If large datasets are being analyzed, fitGAM
may be
running for quite some time. We have implemented support for
parallelization using BiocParallel
, which can be activated
by setting parallel=TRUE
. Parallelization options can be
provided through the BPPARAM
argument, as shown below.
## class: MulticoreParam
## bpisup: FALSE; bpnworkers: 2; bptasks: 0; bpjobname: BPJOB
## bplog: FALSE; bpthreshold: INFO; bpstopOnError: TRUE
## bpRNGseed: ; bptimeout: NA; bpprogressbar: FALSE
## bpexportglobals: TRUE; bpexportvariables: FALSE; bpforceGC: FALSE
## bpfallback: TRUE
## bplogdir: NA
## bpresultdir: NA
## cluster type: FORK
It may be of interest to only fit the NB-GAM for a subset of genes,
but use the information across all genes to perform the normalization.
This can be achieved using the genes
argument in
fitGAM
, which accepts a numeric vector specifying the rows
of the count matrix for which the models should be fitted.
This dataset consists of UMI counts, and we do not expect zero
inflation to be a big problem. However, we also allow to fit zero
inflated negative binomial (ZINB) GAMs by providing observation-level
weights to fitGAM
using the weights
argument.
The weights
must correspond to the posterior probability
that a count belongs to the count component of the ZINB distribution
[@VandenBerge2018]. In principle, these
weights can be calculated using any method of choice. The ZINB-WavE
vignette shows how to calculate these using the
zinbwave
package.
If you’re working with a dataset that has a limited number of cells,
or if you are incorporating zero inflation weights, the NB-GAMs may be
harder to fit, as noted by the warnings when running
fitGAM
. In that case, the situation might improve if you
allow for more iterations in the GAM fitting.

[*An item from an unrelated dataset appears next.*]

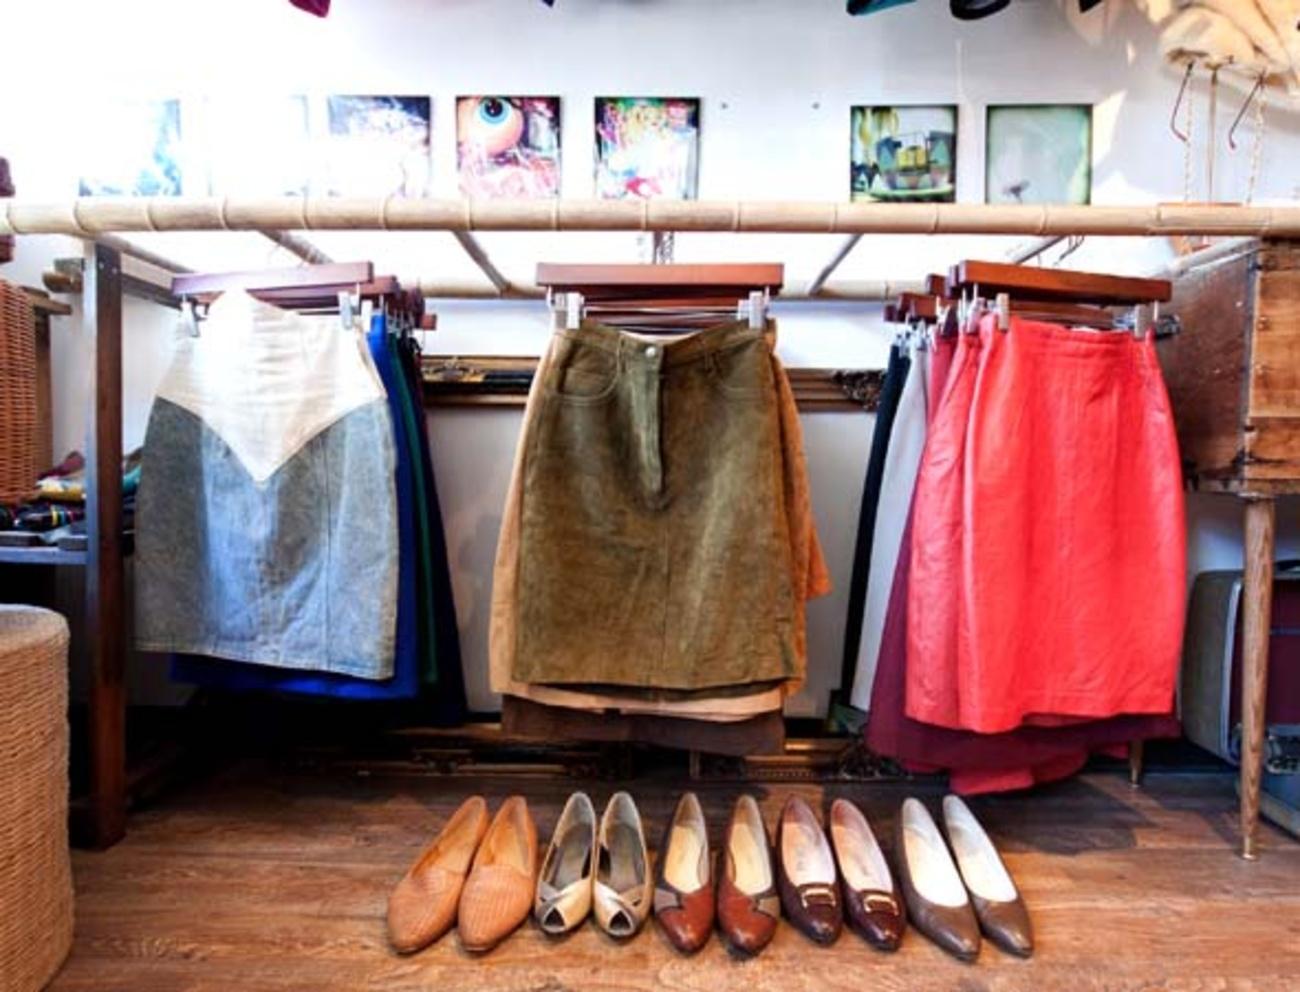 American Apparel expats open vintage shop in Kensington Market

This can be done with the
control
argument of fitGAM
.
## Loading required package: nlme
##
## Attaching package: 'nlme'
## The following object is masked from 'package:IRanges':
##
## collapse
## This is mgcv 1.9-1. For overview type 'help("mgcv-package")'.
The output from fitGAM
will be different if one sets
sce=FALSE
, and less memory efficient. Instead of a
SingleCellExperiment
object, it will return a list with all
fitted mgcv
models. Most functions we have discussed above
work exactly the same with the list output. However, the list output
functionality is a little bit bigger, and here we discuss some
capabilities that are only available with the list output.
gamList <- fitGAM(counts,
pseudotime = slingPseudotime(crv, na = FALSE),
cellWeights = slingCurveWeights(crv),
nknots = 6, sce = FALSE)
First, one may explore the results of a model by requesting its summary.
##
## Family: Negative Binomial(2.221)
## Link function: log
##
## Formula:
## y ~ -1 + U + s(t1, by = l1, bs = "cr", id = 1, k = nknots) +
## s(t2, by = l2, bs = "cr", id = 1, k = nknots) + offset(offset)
##
## Parametric coefficients:
## Estimate Std. Error z value Pr(>|z|)
## U -10.0555 0.5408 -18.59 <2e-16 ***
## ---
## Signif. codes: 0 '***' 0.001 '**' 0.01 '*' 0.05 '.' 0.1 ' ' 1
##
## Approximate significance of smooth terms:
## edf Ref.df Chi.sq p-value
## s(t1):l1 5.698 5.956 589.260 <2e-16 ***
## s(t2):l2 3.387 3.819 9.329 0.0454 *
## ---
## Signif. codes: 0 '***' 0.001 '**' 0.01 '*' 0.05 '.' 0.1 ' ' 1
##
## Rank: 12/13
## R-sq.(adj) = 0.533 Deviance explained = 64%
## -REML = 2027.4 Scale est. = 1 n = 2660
Related to the associationTest
, one can extract the
p-values generated by the mgcv
package using the
getSmootherPvalues
function. These p-values are derived
from a test that assesses the null hypothesis that all smoother
coefficients are equal to zero. Note, however, that their interpretation
is thus more complex. A significant lineage for a particular gene might
thus be the result of (a) a different mean expression in that lineage as
compared to the overall expression of that gene, or (b) significantly
varying expression along that lineage, even if the means are equal, or
(c) a combination of both. This function extracts the p-values
calculated by mgcv
from the GAM, and will return
NA
for genes that we were unable to fit properly.
Similarly, the test statistics may be extracted with
getSmootherTestStats
. Since this dataset was pre-filtered
to only contain relevant genes, all p-values (test statistics) will be
very low (high). Note, that these functions are only applicable with the
list output of tradeSeq
, and not with the
SingleCellExperiment
output. We will therefore not evaluate
these here.
Also, the list output could be a good starting point for users that want to develop their own tests. A number of tests have been implemented in tradeSeq, but researchers may be interested in other hypotheses that current implementations may not be able to address. We therefore welcome contributions on GitHub on novel tests based on the tradeSeq model. Similar, you may also request novel tests to be implemented in tradeSeq by the developers, preferably by adding an issue on the GitHub repository. If we feel that the suggested test is widely applicable, we will implement it in tradeSeq.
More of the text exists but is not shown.